I think this has taken an interesting turn. The problem is that appeals to ‘personal autonomy’ (which as a classical liberal I strongly support; the idea that it’s some exclusive quasi-libertarian thing makes me think you’ve all spent too much time on the internets
![Cheesy](https://talkelections.org/FORUM/Smileys/classic/cheesy.gif)
) is what has driven the move towards ‘permissiveness’, not the reappraisal of sexual acts within a moral framework. By permissiveness I mean a move away from the patriarchal and heteronormative view of morality (which granted the heterosexual male free reign in sexual acts; being able to define what is morally ‘right’ and ‘wrong’ concerning them and also being able to roundly ignore them). What I
don’t mean by ‘permissiveness’ is over sexualisation. That has always manifested itself regardless of what moral and social norms are in place.
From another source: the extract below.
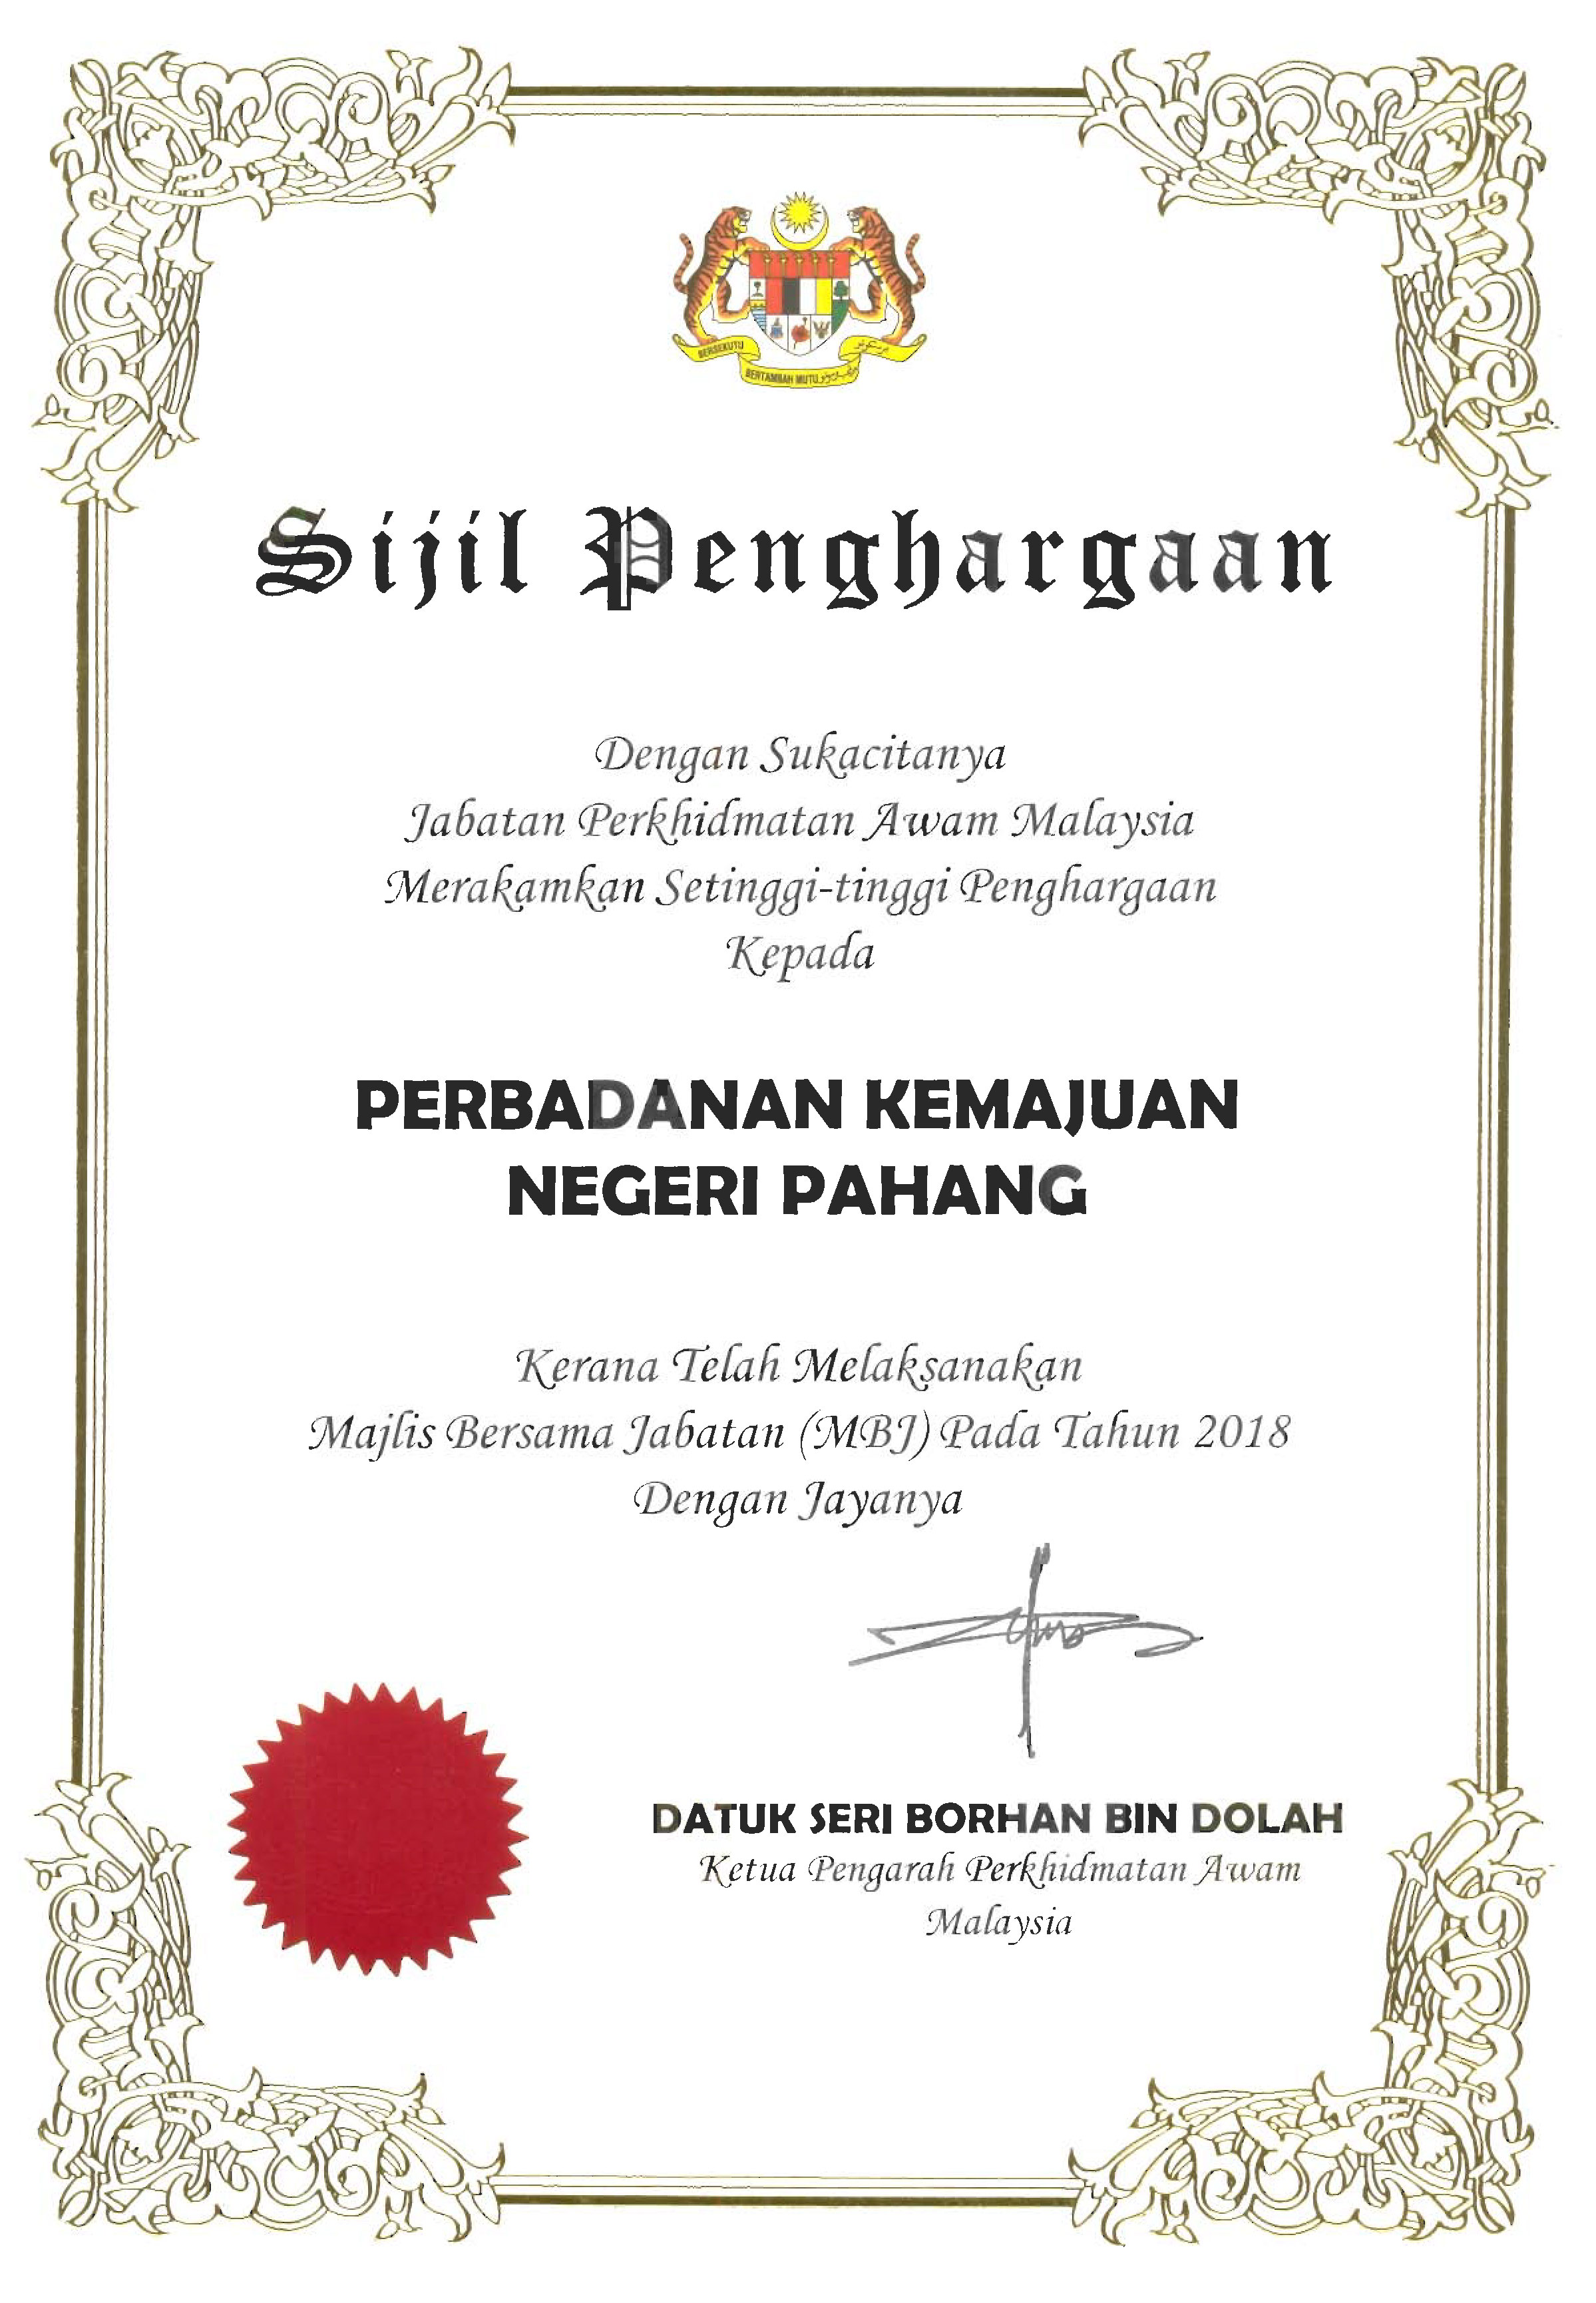 Perbadanan Kemajuan Negeri Pahang - Majlis Bersama Jabatan
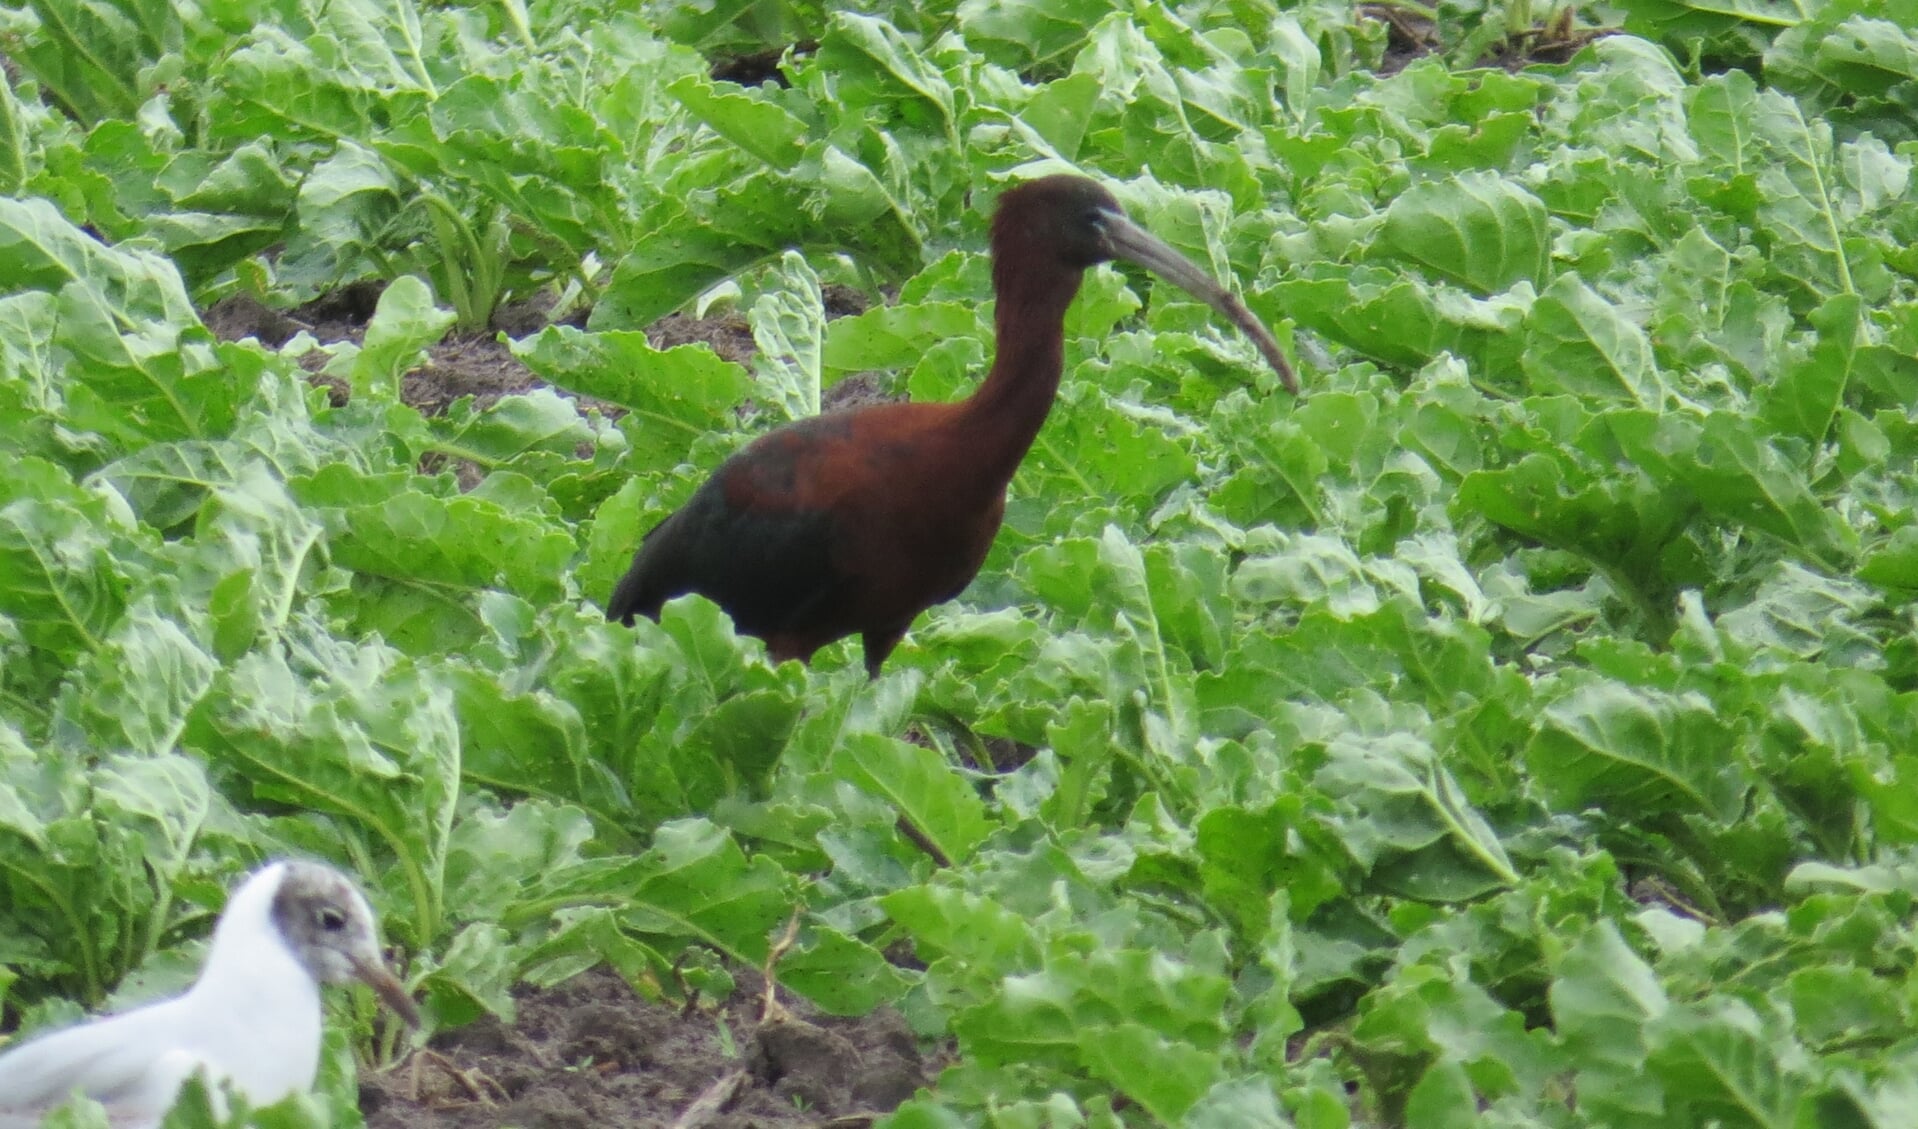 De zwarte ibis tussen de bieten op het land van Lap.

It is of no coincidence that the LGBT rights movement has manifested and sadly at times in the 20th Century, ebbed, with successive waves of feminism. Women have not attained the advances that they have on the basis of people determining they are ‘morally right’ as women, but on the basis of personal autonomy; in part being granted literal control over their own bodies with their own abilities as women being determined by their contributions rather than the limitations placed upon them a priori by men. Gays have not achieved the position in some parts of society that they currently hold because people have determined
at first that being gay and committing the sexual acts associated with it is either moral or amoral (because a close examination may lead the heterosexual to find it difficult to disassociate heterosexual sexual norms, potential revulsion of the scatological etc from the homosexual physical and emotional experience) but because of the fact that someone being gay doesn’t affect them or doesn’t threaten them. That comes first (and I know from personal experience with people’s reactions to me) and then any moral re-appraisal comes second. I cannot consider that ‘cowardly’ but merely a stage in acceptance.